_Exercise prompt_
Reproduce, without alteration, every line of the data; exclude the images.
**** Source data ****
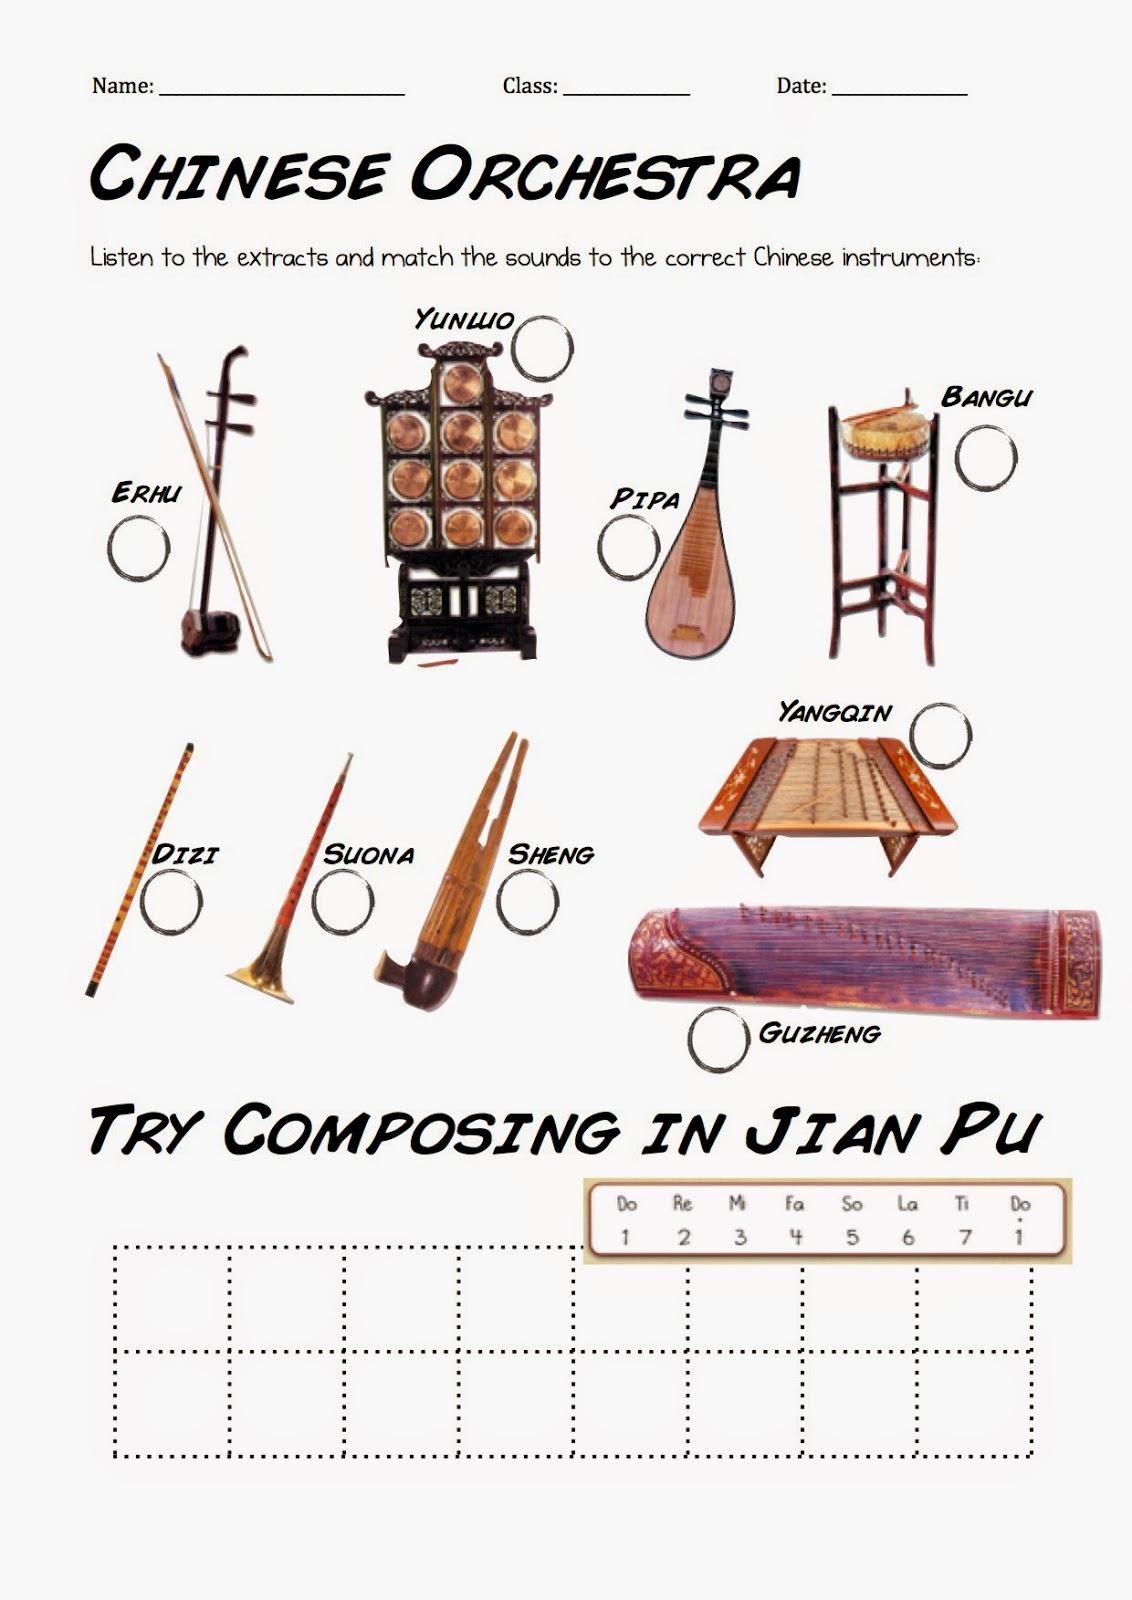 Primary School Music Lesson Ideas
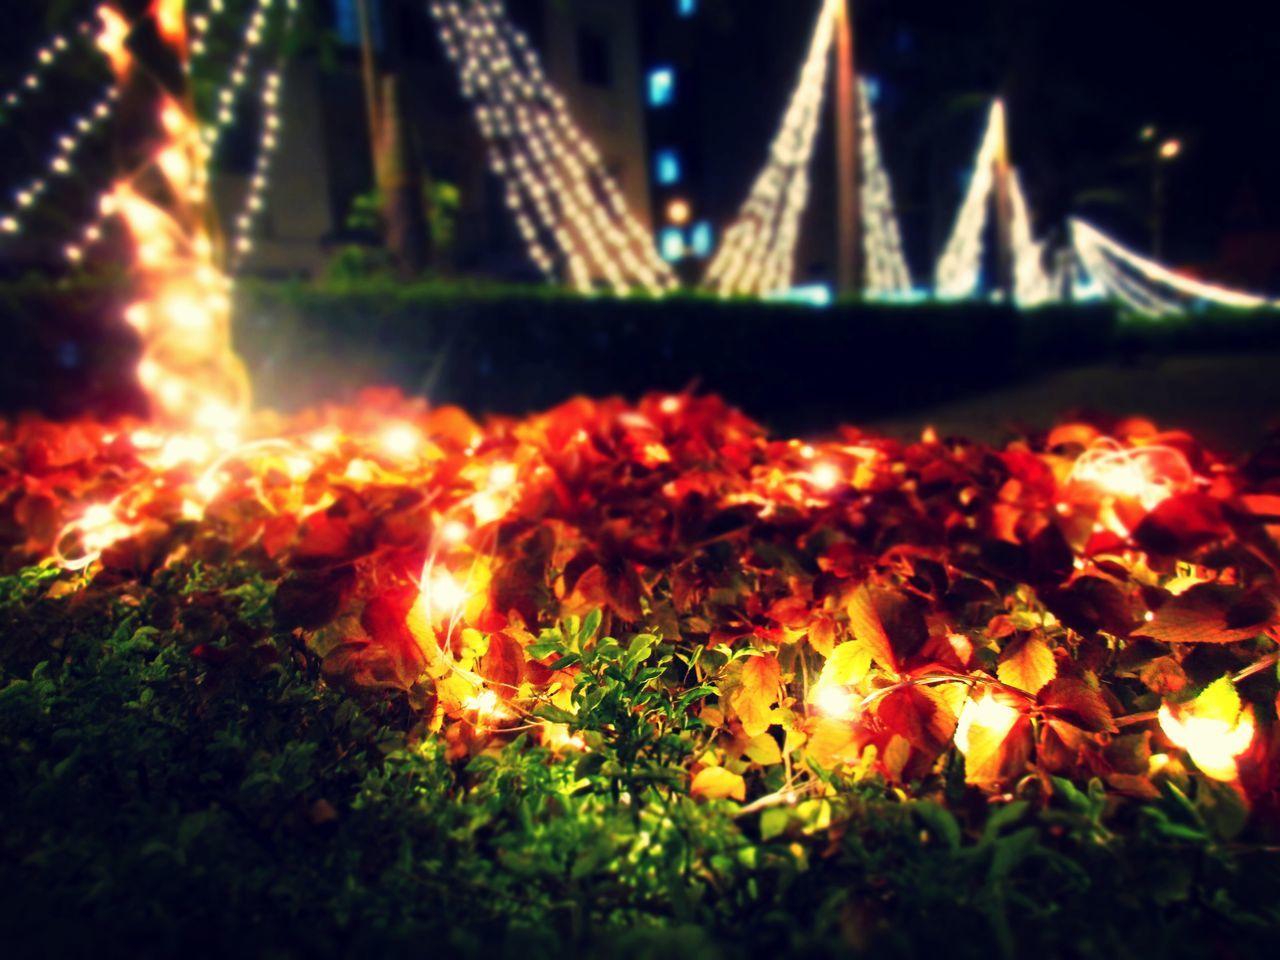 DIwali lights! Spread a smile by sharing love and happiness :) Bush Bushes Diwali Diwali2014 Glowing Lights Night Night Photography Night View Nightlife Nightout Nightphotography Nightshot Tree First Eyeem Photo
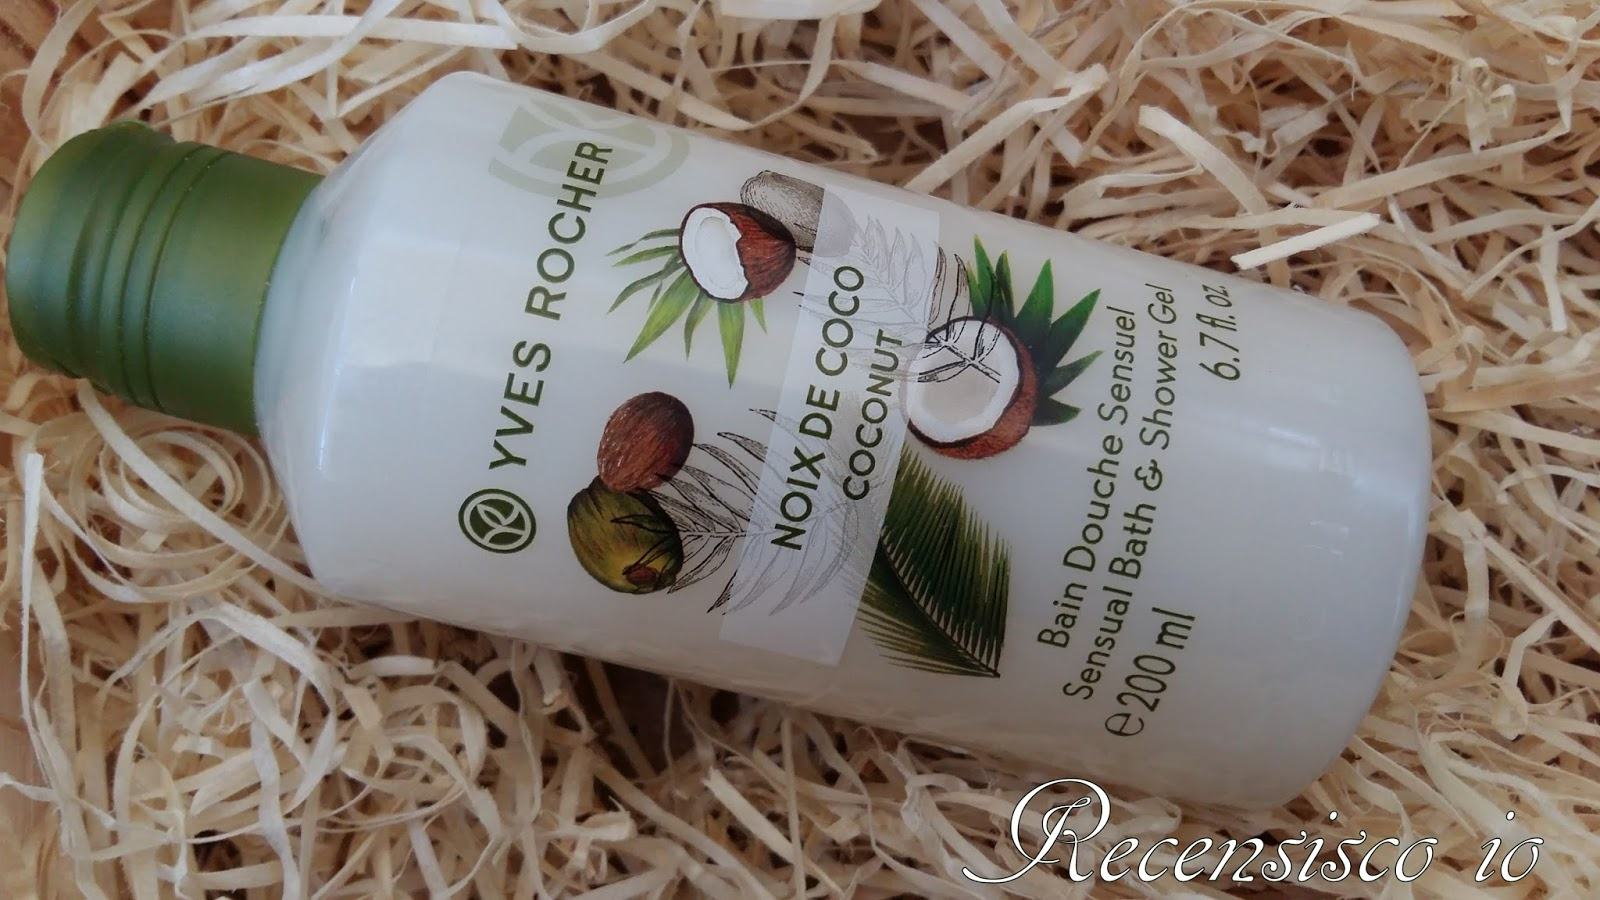 Bagno Doccia Avena Yves Rocher : Bagno doccia yves rocher vaniglia
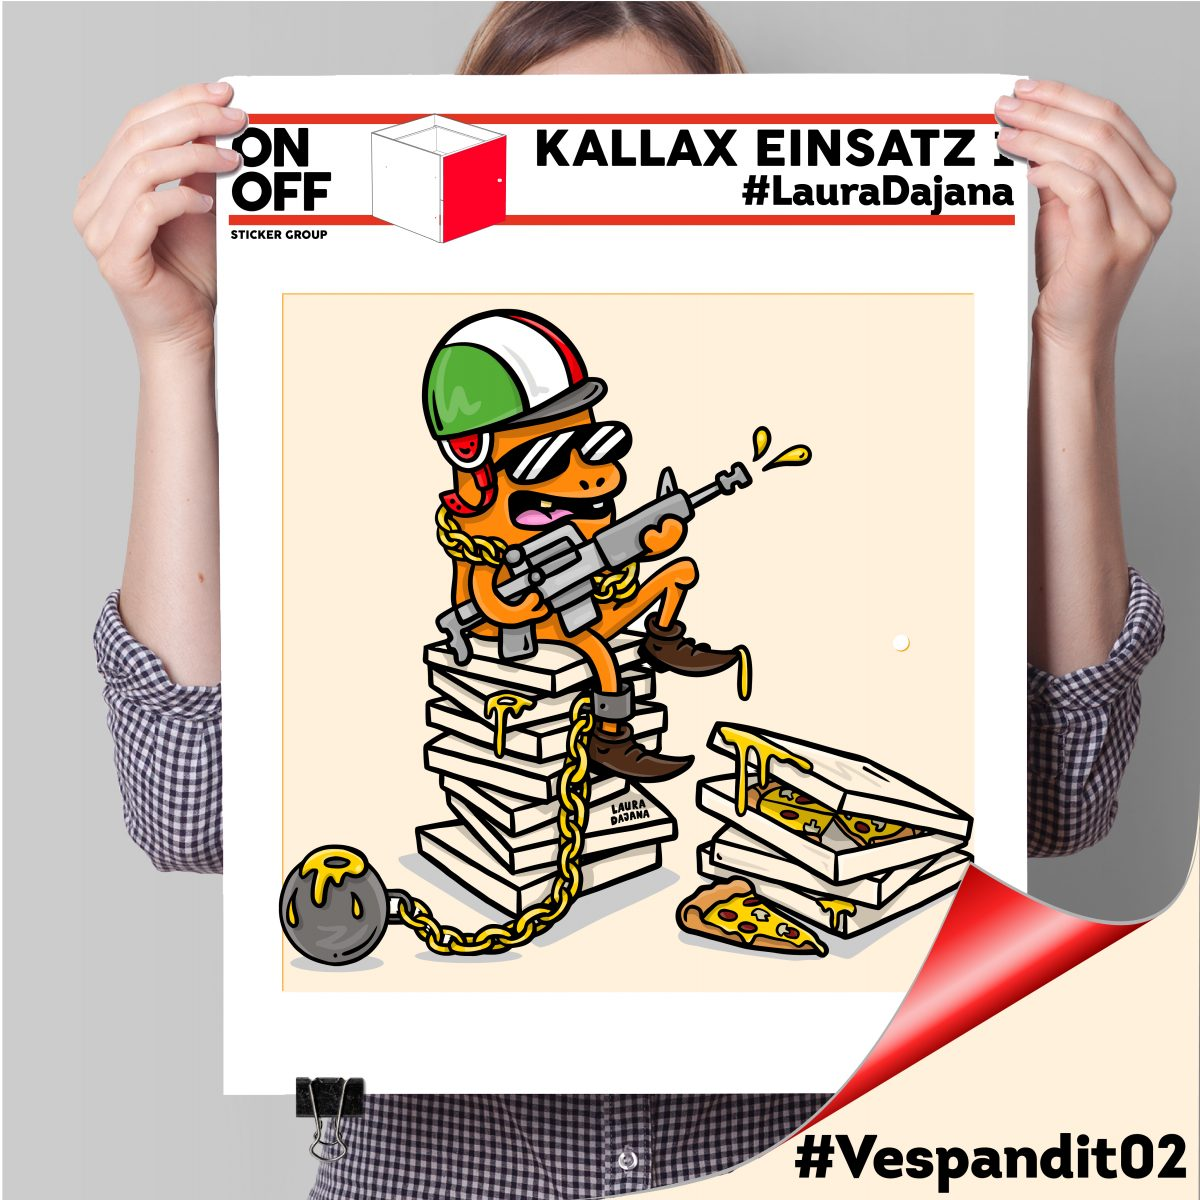 Kallax Einsatz 1 TÜR #LauraDajana#Vespandit02
****
_Exercise solution_
 Primary School Music Lesson Ideas
 DIwali lights! Spread a smile by sharing love and happiness :) Bush Bushes Diwali Diwali2014 Glowing Lights Night Night Photography Night View Nightlife Nightout Nightphotography Nightshot Tree First Eyeem Photo
 Bagno Doccia Avena Yves Rocher : Bagno doccia yves rocher vaniglia
 Kallax Einsatz 1 TÜR #LauraDajana#Vespandit02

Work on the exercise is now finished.